What is BRCA gene testing and what can it tell you about your risk of developing breast or ovarian cancer? This article discusses how the test is performed at ALLIANCE™ Laboratories, who should get tested, what the results mean, and why you should get tested if you have certain risk factors.
Ovarian cancer is among the deadliest cancers for women, primarily due to its late diagnosis. Fortunately, advancements in genetic testing provide valuable insights into individual risks, offering a proactive approach to cancer management. BRCA gene testing is a critical tool in assessing the risk of developing breast or ovarian cancer.
What are BRCA genes?
BRCA1 and BRCA2 are genes responsible for production of proteins that repair damaged DNA, ensuring the stability of the cell’s genetic material. When a mutation is introduced to either of these genes, the DNA repair mechanism is compromised, increasing the risk of cellular abnormalities that can lead to tumor formation and result in cancer.

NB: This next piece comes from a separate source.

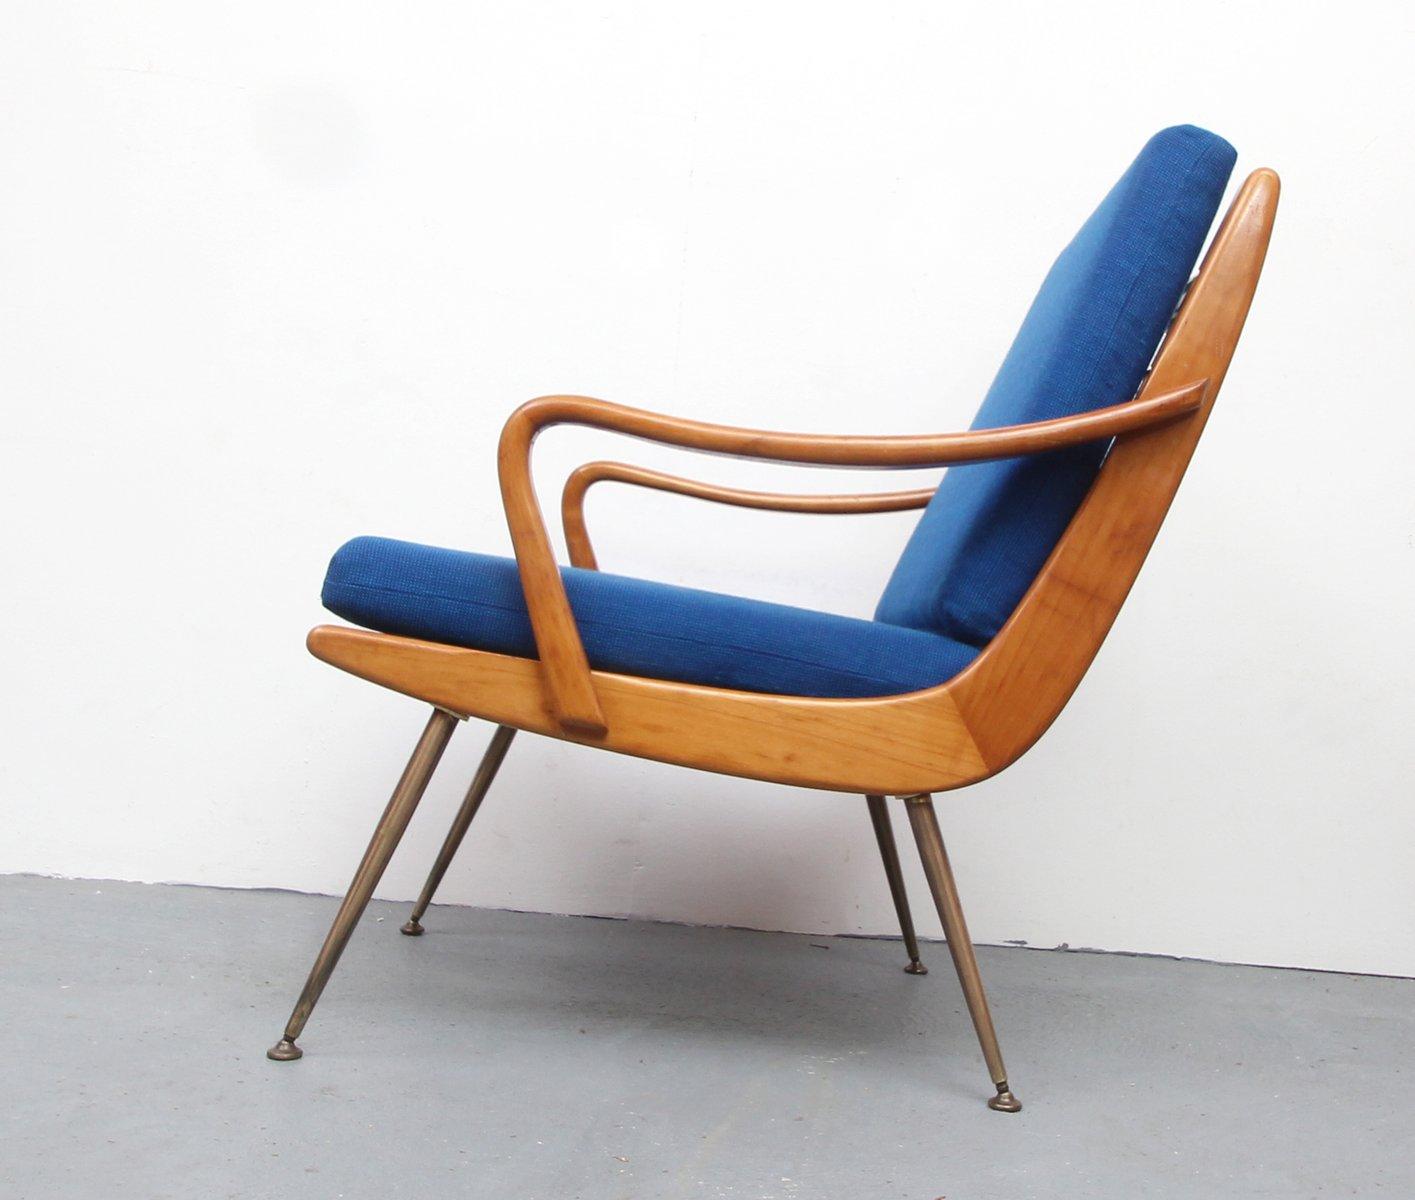 boomerang kirschholz sessel 1950er bei pamono kaufen. Black Bedroom Furniture Sets. Home Design Ideas

BRCA gene testing is a type of genetic screening that assesses the DNA for mutations in the BRCA1 and BRCA2 genes. It is usually performed through a blood sample, but can also be conducted using saliva or cheek swabs. The sample is then analyzed in a laboratory to identify any genetic mutations.
Who is BRCA testing for?
BRCA testing is primarily advised for individuals with a strong family history of breast or ovarian cancer, particularly if the cancers occurred at a young age. Here are some criteria that might prompt a BRCA gene test:
– Multiple family members with breast or ovarian cancer.
– A family member with both breast and ovarian cancer.
– Any male relative diagnosed with breast cancer.
– Eastern European (Ashkenazi) Jewish heritage, coupled with a strong family history of these cancers.
– A known BRCA1 or BRCA2 mutation in the family.
Testing Process
A medical professional collects a sample of blood, saliva, or cheek swab. The sample is sent to a laboratory specializing in genetic diagnostics. The DNA is extracted from the sample and analyzed using one of several techniques to identify any mutations in the BRCA genes.
Interpreting Results
The results of a BRCA test can come back as positive, negative, or uncertain:
Positive Test
A mutation is found, indicating an increased risk of developing breast and ovarian cancers. This does not mean cancer is inevitable, but it does significantly raise the risk compared to the general population.
Negative Test
No BRCA mutation is detected. This result does not eliminate the risk of developing cancer but indicates a typical risk level.
Variant of Uncertain Significance (VUS)
Occasionally, the test may find a change in the DNA that has not been previously associated with cancer. This result may be reclassified in the future as more information becomes available.
Reasons For BRCA Testing
Knowing your BRCA status can be empowering. For those with a positive result, several proactive measures can reduce cancer risk.
Most importantly, being aware of this genetic predisposition encourages patients to get mammograms and MRI scans regularly so that they detect cancer as early as possible and when it is most treatable. This increased surveillance is very often a legitimate life saver. There are also preventative medications, such as tamoxifen, that can be prescribed to high-risk individuals. In some cases, patients even choose to have preventative surgeries, such as mastectomy or oophorectomy (removal of ovaries), to significantly reduce the risk of developing cancer.
On the other hand, a negative test result can provide peace of mind, reducing the need for frequent screenings and the anxiety associated with high cancer risk.
BRCA gene testing is a powerful tool in the management of cancer risk. Understanding one’s genetic status can lead to informed decisions regarding preventive measures and treatment options. With the guidance of healthcare professionals, individuals can use the insights gained from BRCA testing to take proactive steps towards health management and cancer prevention.